When you go into your doctor's office today, Carr says, the doctor spends a lot of time entering data into a computer — information he used to dictate or write down — and going through different templates to help give him hints on diagnosis.

"Can be good, can be not so good, but [it] changes the doctor-patient relationship in very interesting ways," Carr says.

The same goes for flying. Flight has become much safer since the inception of autopilot and more automated systems, Carr says.

"The name of the book, The Glass Cage, refers to what pilots call the glass cockpit — that more and more they're flying by looking at banks of computer monitors," he says.

As a result of autopilot, though, pilots aren't getting enough practice in manual flying. So when something bad happens, pilots are rusty and often make mistakes.

"I think the lesson isn't that automation is bad, but we have to be very wise in knowing how to automate and when to say no; let's not take more control away from the human being," Carr says.

But a lot of automated driving features work to avoid accidents.

Virginia Tech and the Virginia Department of Transportation have placed short-range radio transmitters on selected roads and highways in the state, says Ray Resendes, executive director of the Virginia Tech Transportation Institute's National Capital Region.

Resendes' Cadillac receives their transmissions and displays them on the dashboard navigation screen. Recommended speeds are shown on exit ramps, and as the car passes a school, an alert warns that school children are nearby.

Carr says he worries about people being bombarded with such automatic alerts — in our future cars and everywhere else.

"This is something called 'alert fatigue,' " he says. When you receive too many alerts, "... you actually become less alert yourself because you're just dismissing the alerts."

And here's another question that Carr writes about: If the car of the future will make decisions for us, how will it decide what to do when a collision is unavoidable and a computer is in charge of the steering?

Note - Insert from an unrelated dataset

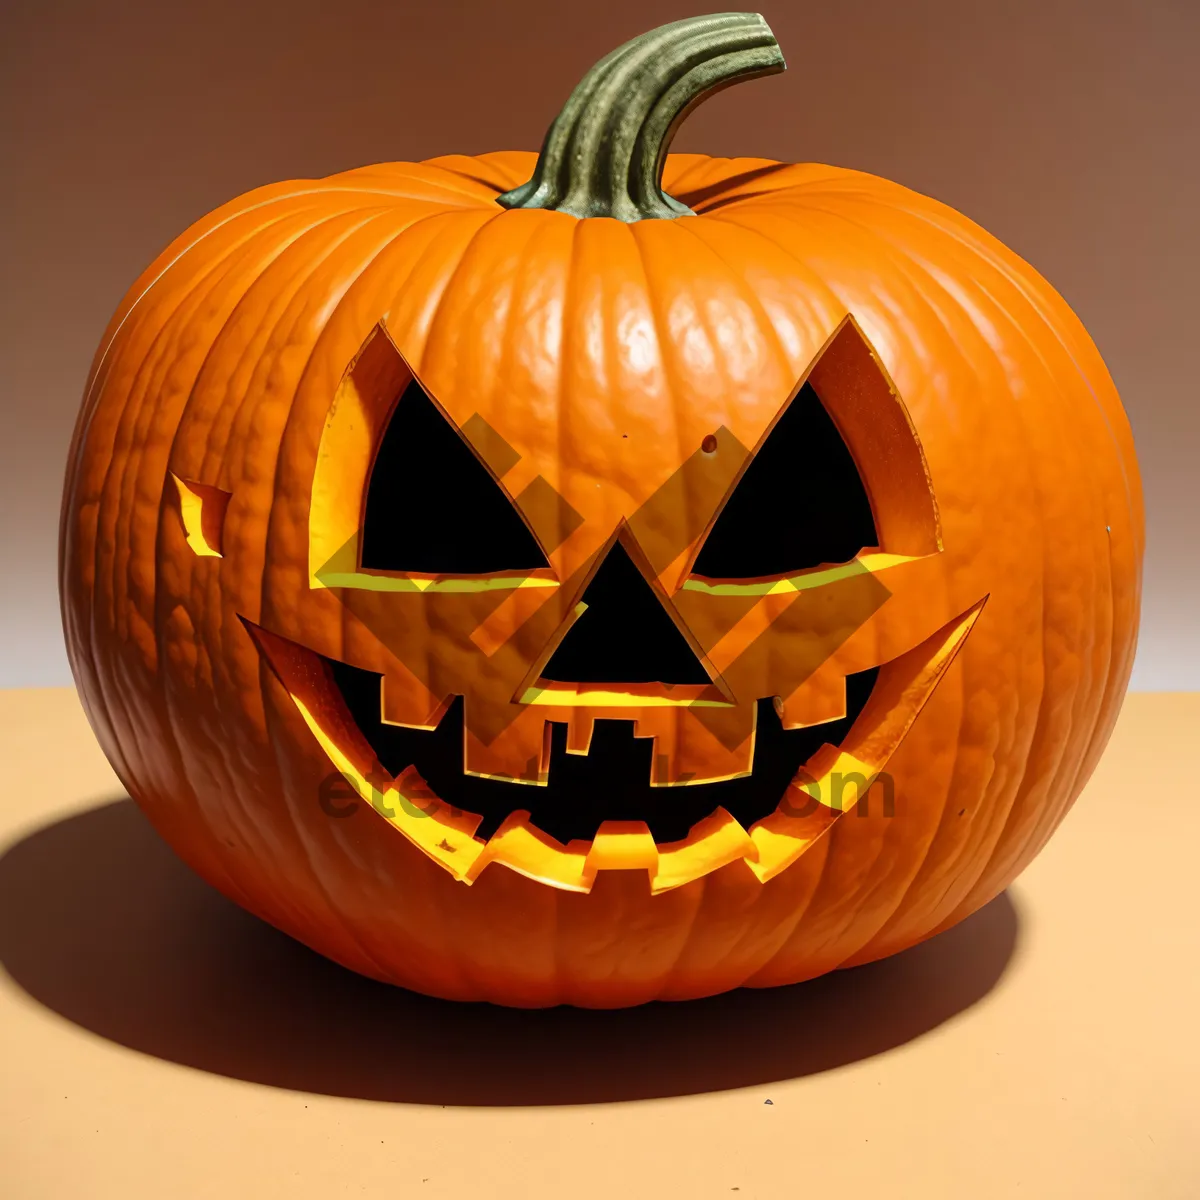 Picture of Spooky Harvest: Carved Jack-o'-Lantern Pumpkin and Candle

"You have to start programming difficult moral, ethical decisions into the car," Carr says. "If you are gonna crash into something, what do you crash into? Do you go off the road and crash into a telephone pole rather than hitting a pedestrian?"

Resendes says addressing these issues will be a very difficult task. "A lot of times people will steer to avoid a rear end collision and then you can run into a head on collision, which is the worst crash, or you can hit a pedestrian," he says. "Having to codify these issues into the algorithm on a vehicle is a very serious issue."

Carr's complaint against intrusive automation isn't just about how well or how poorly computers might make moral decisions for us. It's about the very erosion of human autonomy.

"Once we start taking our moral thinking and moral decision-making away from us and putting it into the hands not of a machine really, but of the programmers of that machine, then I think we're starting to give up something essential to what it means to be a human being," he says.